### Instructions for the task:
Your copy should match the listing word for word, apart from the pictures, which are left out.

### Source data:
= = = = = = =
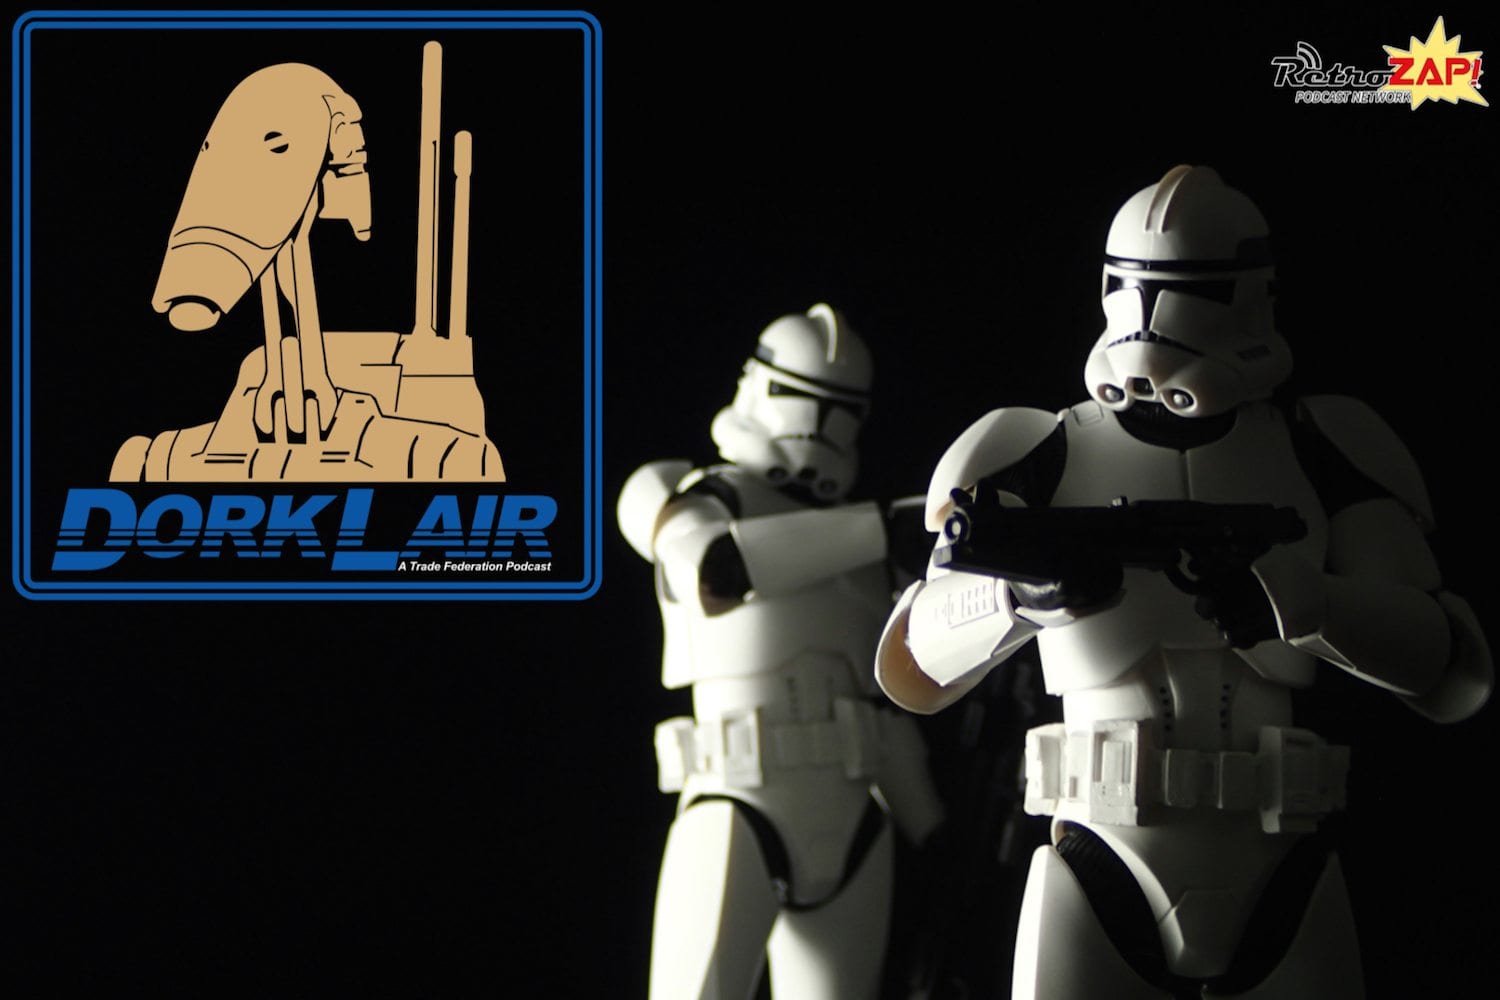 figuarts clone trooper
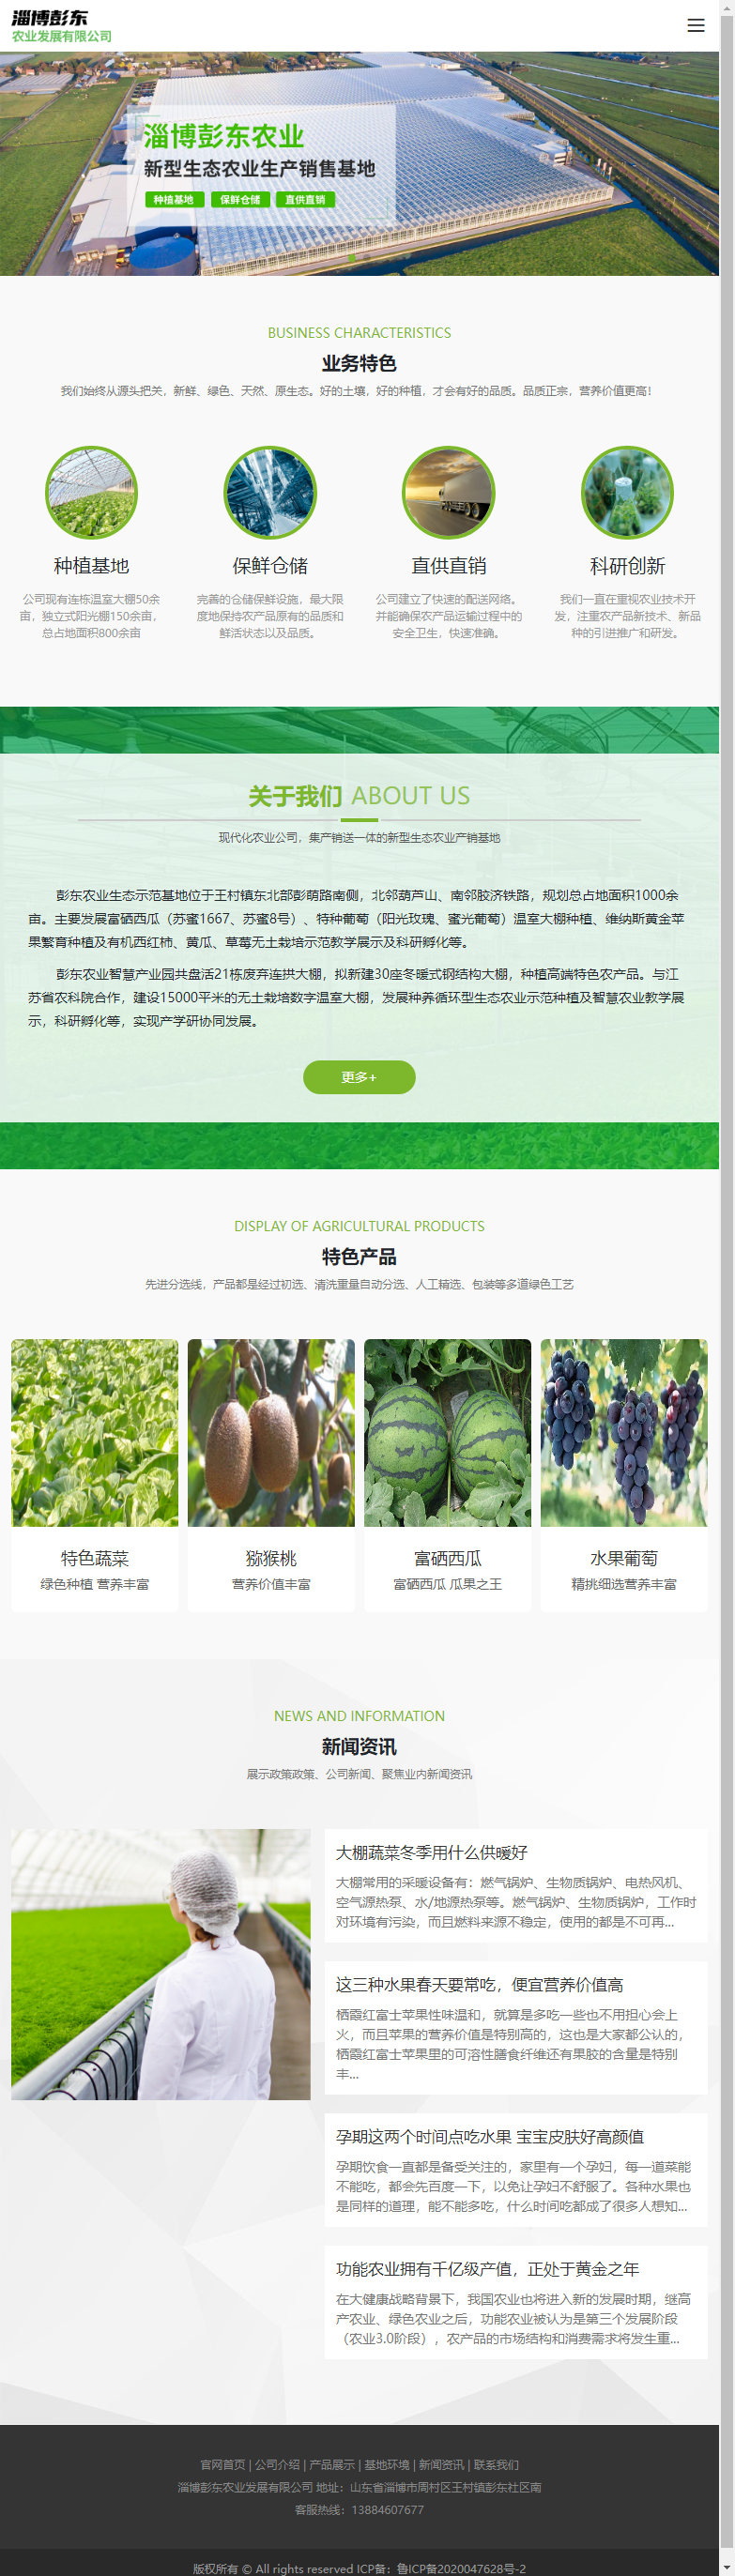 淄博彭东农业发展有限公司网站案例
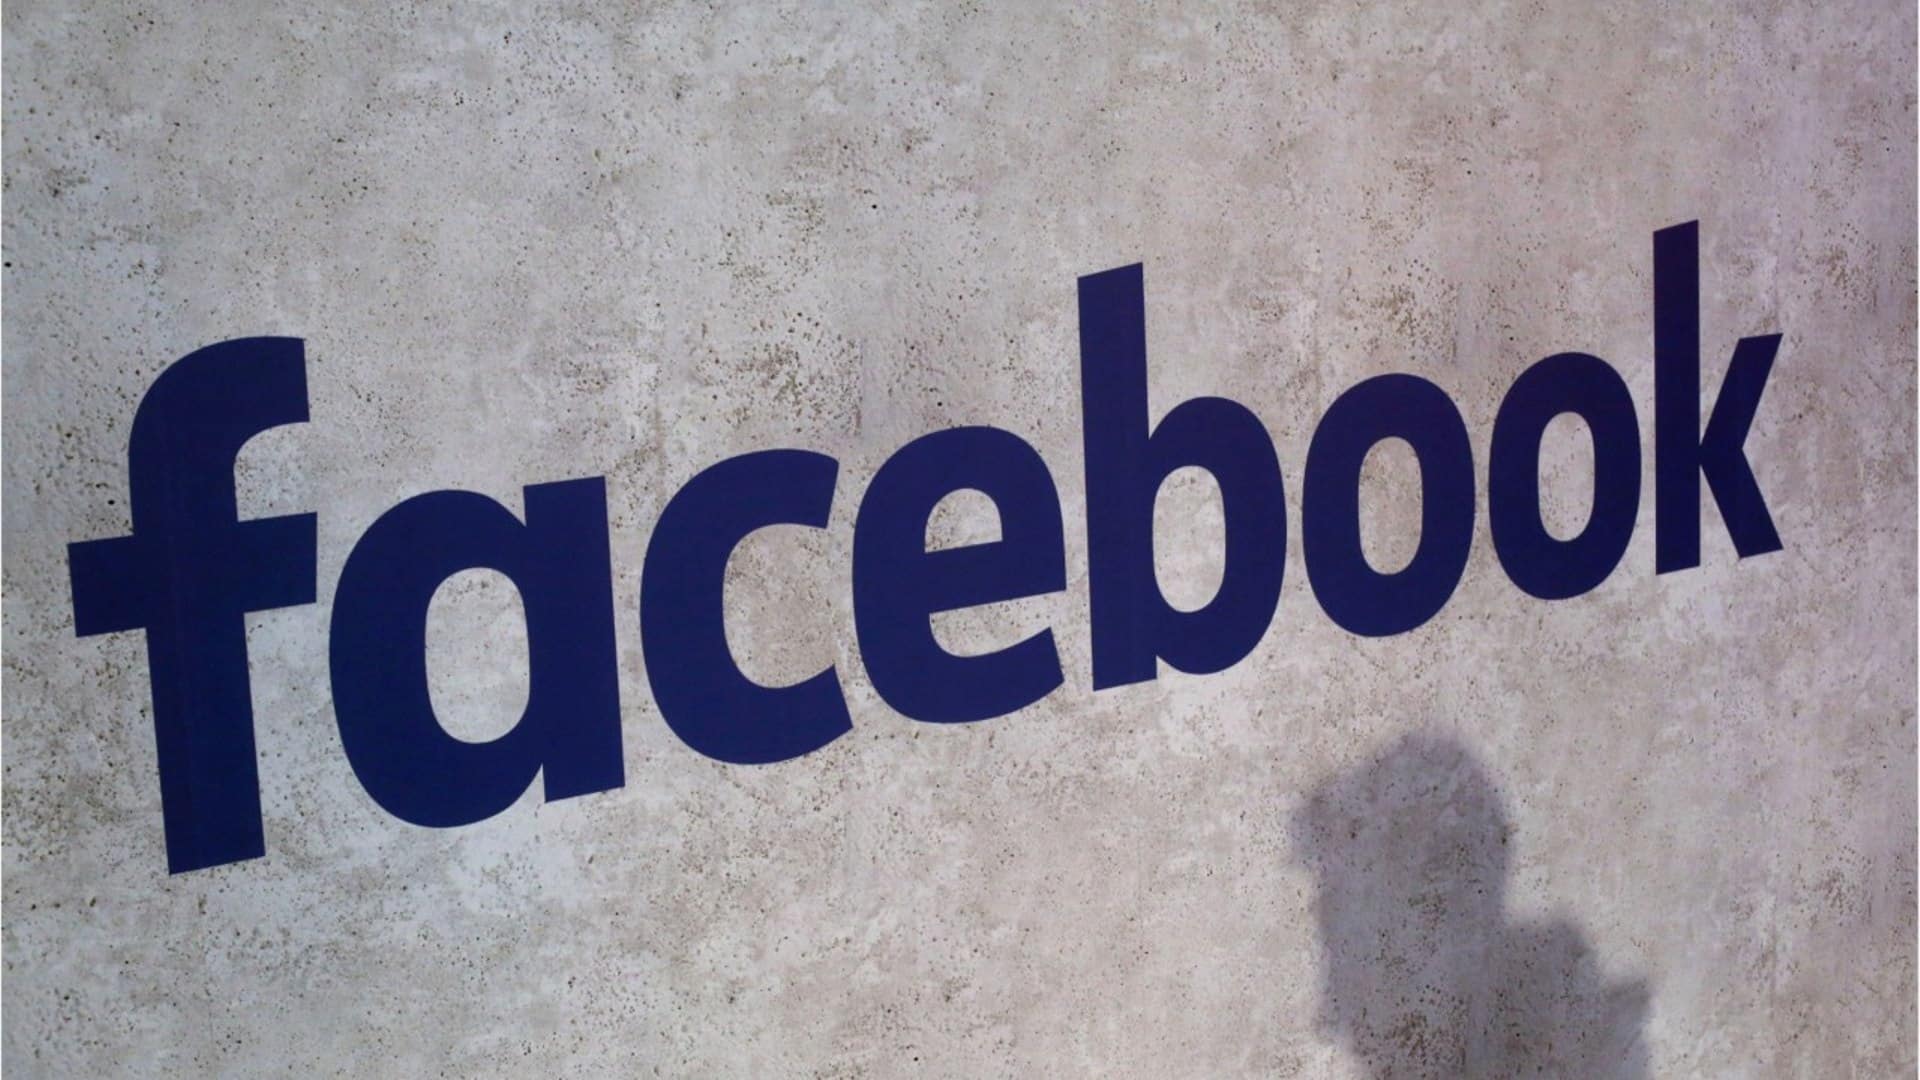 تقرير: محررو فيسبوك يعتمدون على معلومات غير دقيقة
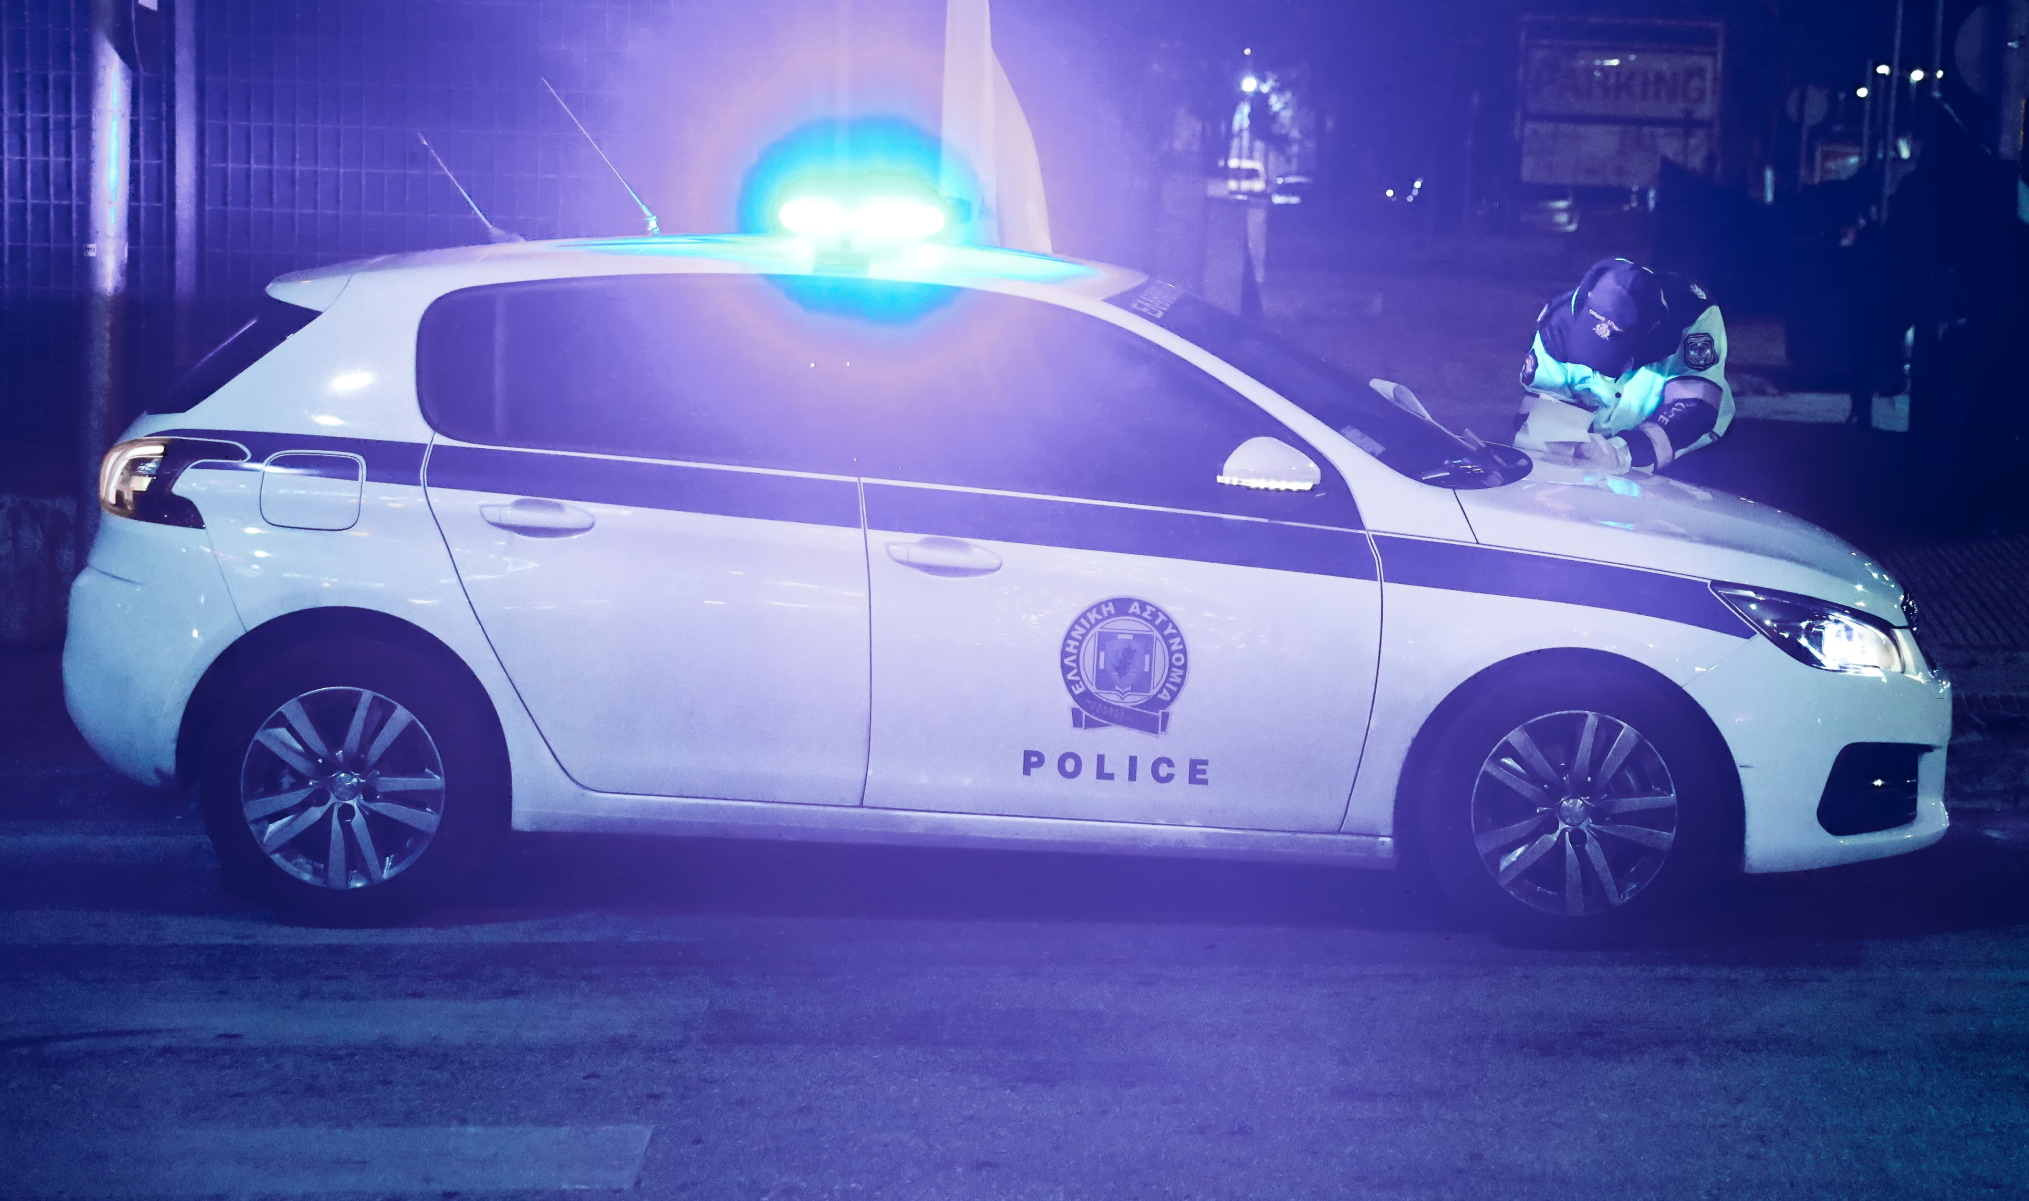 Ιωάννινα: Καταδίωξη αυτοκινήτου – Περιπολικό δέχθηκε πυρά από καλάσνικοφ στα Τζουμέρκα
= = = = = = =
### Solution:
 figuarts clone trooper
 淄博彭东农业发展有限公司网站案例
 تقرير: محررو فيسبوك يعتمدون على معلومات غير دقيقة
 Ιωάννινα: Καταδίωξη αυτοκινήτου – Περιπολικό δέχθηκε πυρά από καλάσνικοφ στα Τζουμέρκα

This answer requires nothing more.